In 2024, INTERPOL coordinated operations that exposed the scale of the problem on the continent. Police in Namibia dismantled a scam centre where 88 young people were being held against their will and forced to conduct online fraud schemes against international victims.
The criminal networks employ a dual-victim strategy that devastates communities on multiple levels. Traffickers first prey on vulnerable individuals through fake job advertisements, promising legitimate employment opportunities abroad. Once transported to remote compounds, these victims are held in conditions resembling modern slavery, forced to perpetrate online scams against a second set of victims worldwide.
“While not every person committing fraud in a scam centre is a victim of human trafficking, those held against their will are often subject to extortion through debt bondage, as well as beatings, sexual exploitation, torture and rape,” INTERPOL’s report states.
Technology Amplifying Criminal Reach
The sophistication of these operations has grown exponentially with the integration of artificial intelligence and deepfake technology. Criminal networks now use AI to create convincing fake job advertisements that lure trafficking victims, while also generating realistic fake profiles and images for romance scams and sextortion schemes.
This technological evolution has made the scams more convincing and harder to detect, allowing criminals to target victims across linguistic and cultural barriers with unprecedented efficiency.
INTERPOL’s data reveals troubling demographic patterns among the facilitators of these crimes. Eighty percent are men, with 61 percent aged between 20 and 39 years old. While approximately 90 percent of trafficking facilitators originate from Asia, 11 percent now come from South America or Africa, indicating the growing involvement of local criminal networks.

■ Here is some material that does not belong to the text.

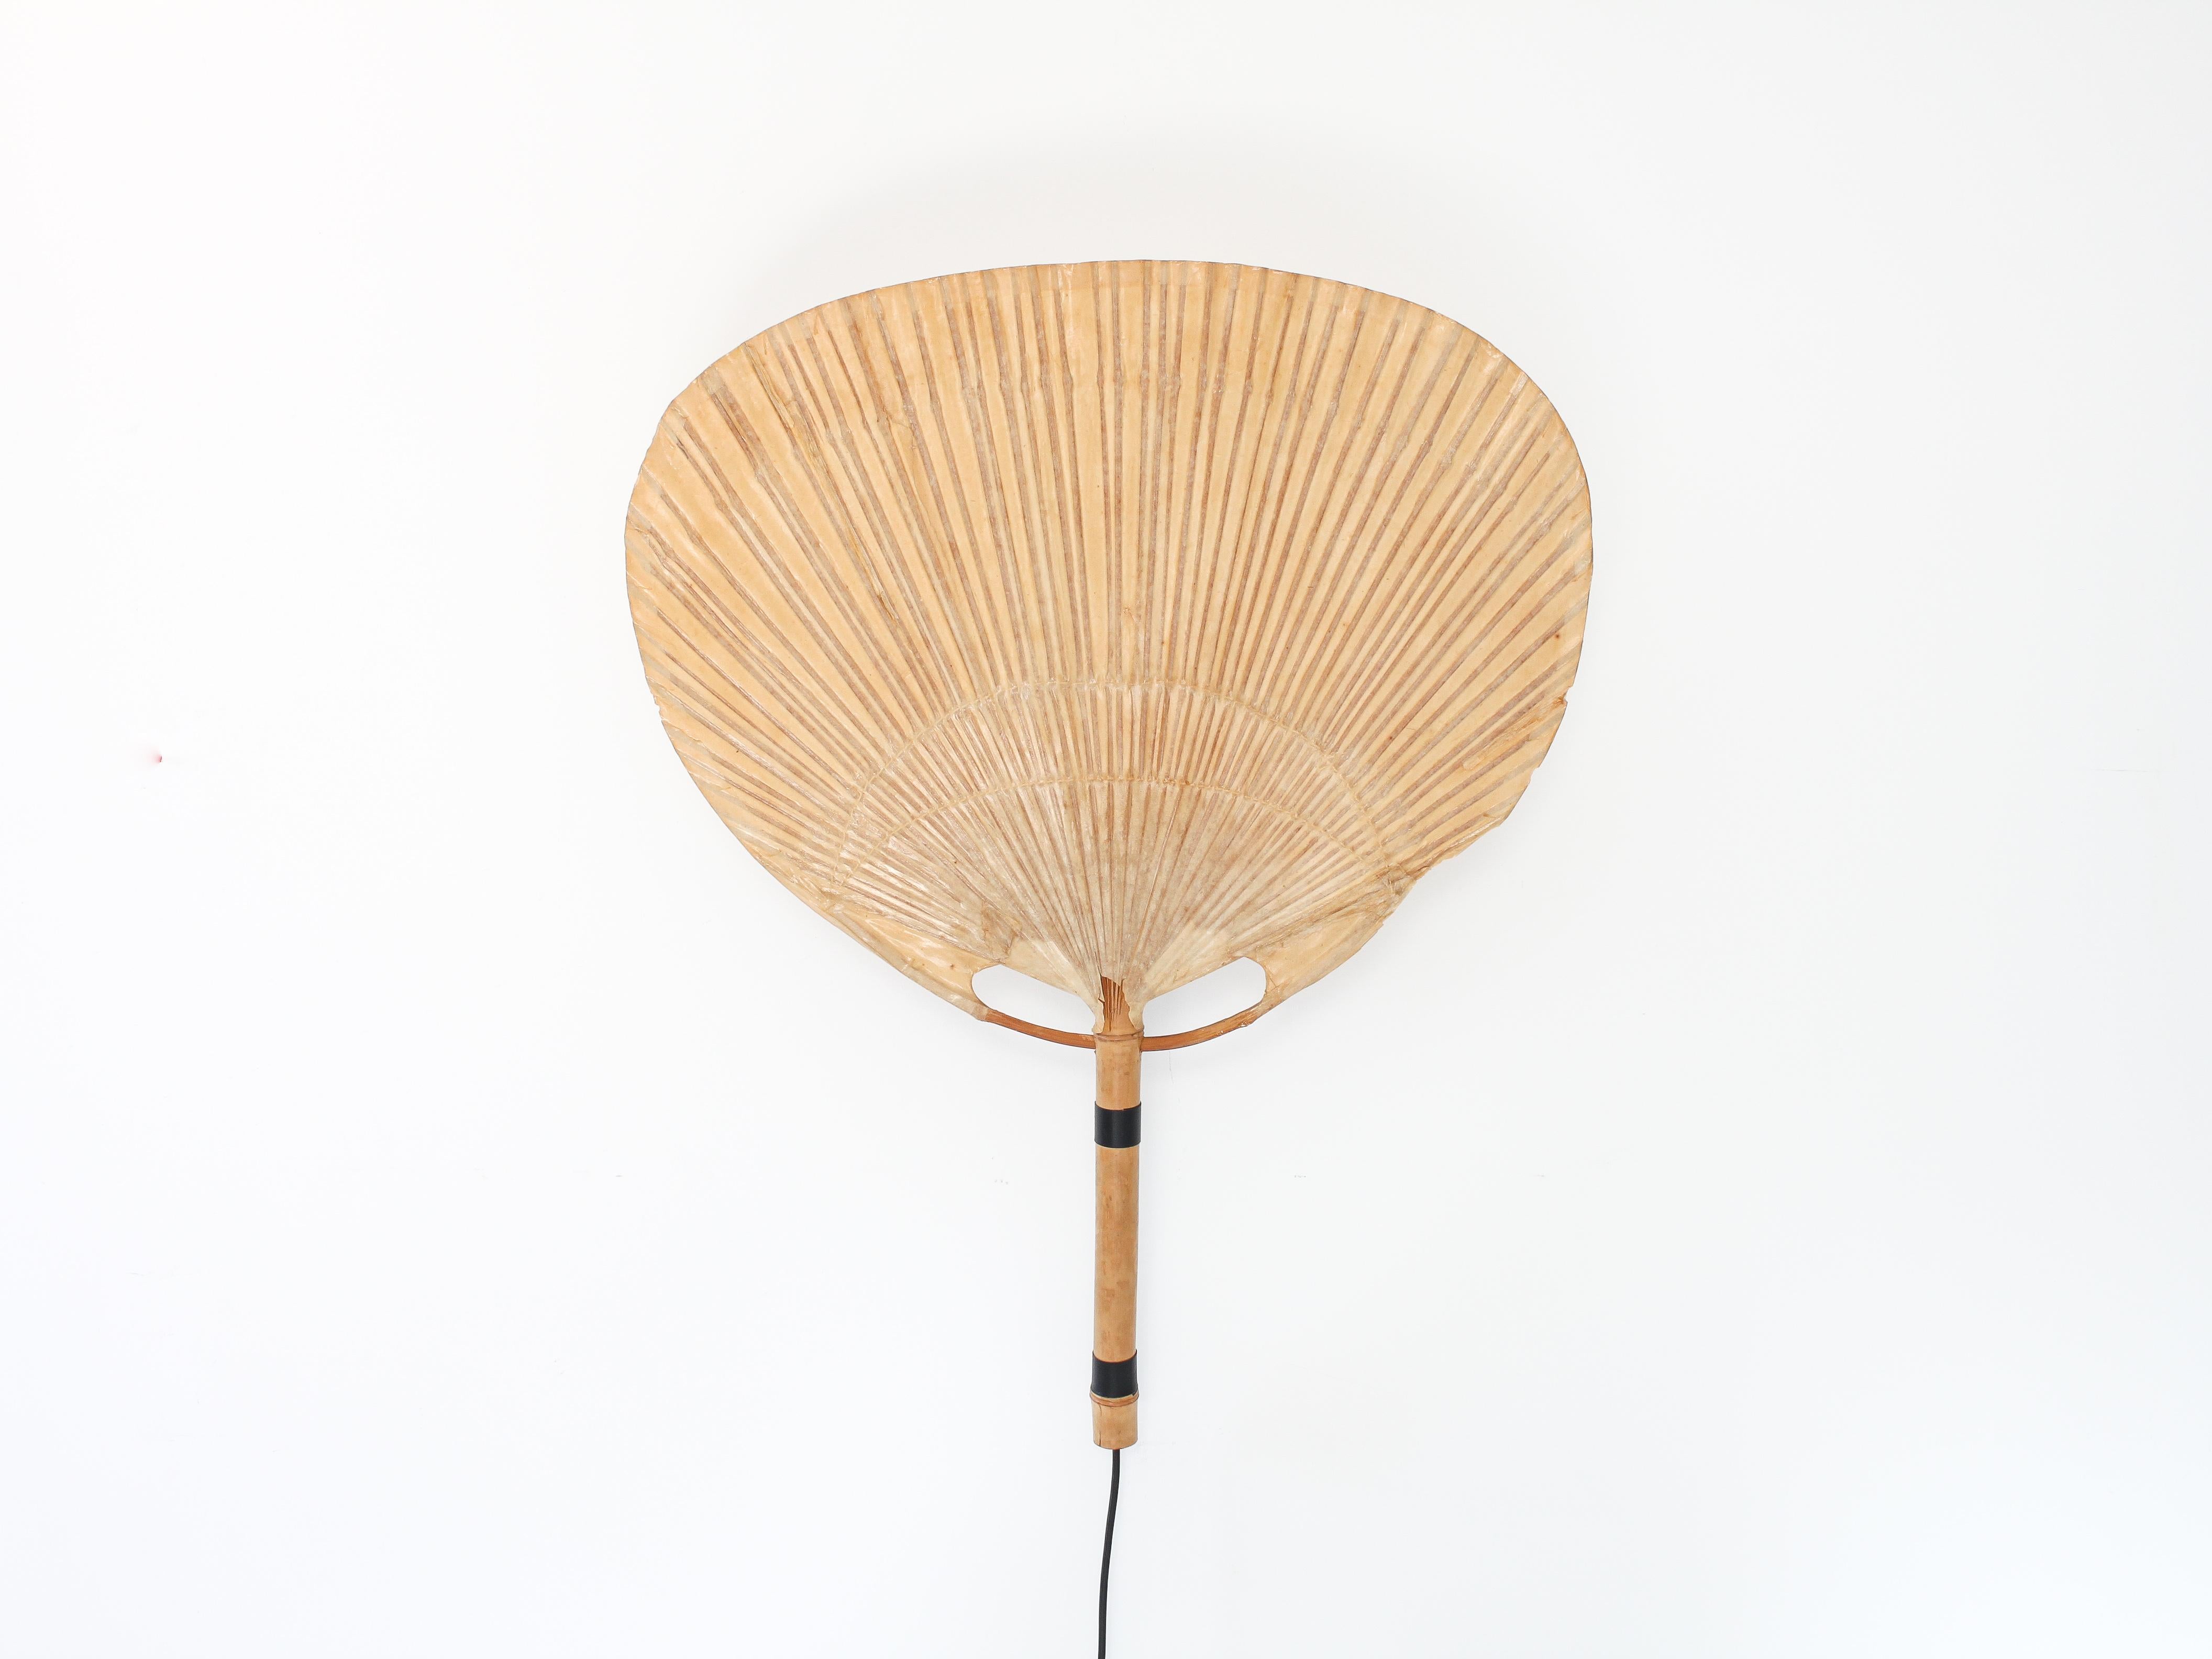 An “Uchiwa” wall light by Ingo Maurer for M design, Germany, 1970s. 

Uchiwa lamps, uchiwa being the Japanese for fan, were handmade from bamboo, wicker and Japanese rice paper. Maurer travelled to Japan to develop his uchiwa range where he found

Multi-Billion Dollar Criminal Economy
The financial impact extends far beyond individual victims. Online scams orchestrated by these centres target victims globally, often causing “debilitating financial and emotional damage” that ripples through families and communities.
The criminal infrastructure supporting these operations has also created opportunities for other forms of trafficking. INTERPOL notes that “the same routes used to traffic victims to scam centres can be used to traffic drugs, firearms and protected wildlife species.”
This convergence is particularly concerning for Africa, where many scam centre locations overlap with key trafficking routes for endangered species, creating what INTERPOL describes as likely “criminal diversification.”
Call for Continental Response
The internationalisation of these criminal networks demands a coordinated African response, according to security experts. The continent’s young population, high unemployment rates, and improving digital infrastructure make it both vulnerable to recruitment and attractive to criminal organisations seeking to establish new operational bases.
“We must increase the exchange of information between law enforcement in the growing number of countries affected and strengthen partnerships with NGOs that help victims and technology companies whose platforms are being exploited,” Gout emphasised.
Since 2023, INTERPOL has issued an Orange Notice regarding these operations, signalling their status as a “serious and imminent threat to public safety.” The organisation estimates that hundreds of thousands of people have already been trafficked into these operations globally.
As West Africa grapples with this emerging threat, the need for enhanced regional cooperation, improved victim identification protocols, and stronger partnerships between law enforcement agencies has never been more urgent. The alternative—allowing these criminal networks to establish deep roots across the continent—could have devastating consequences for African youth and communities worldwide.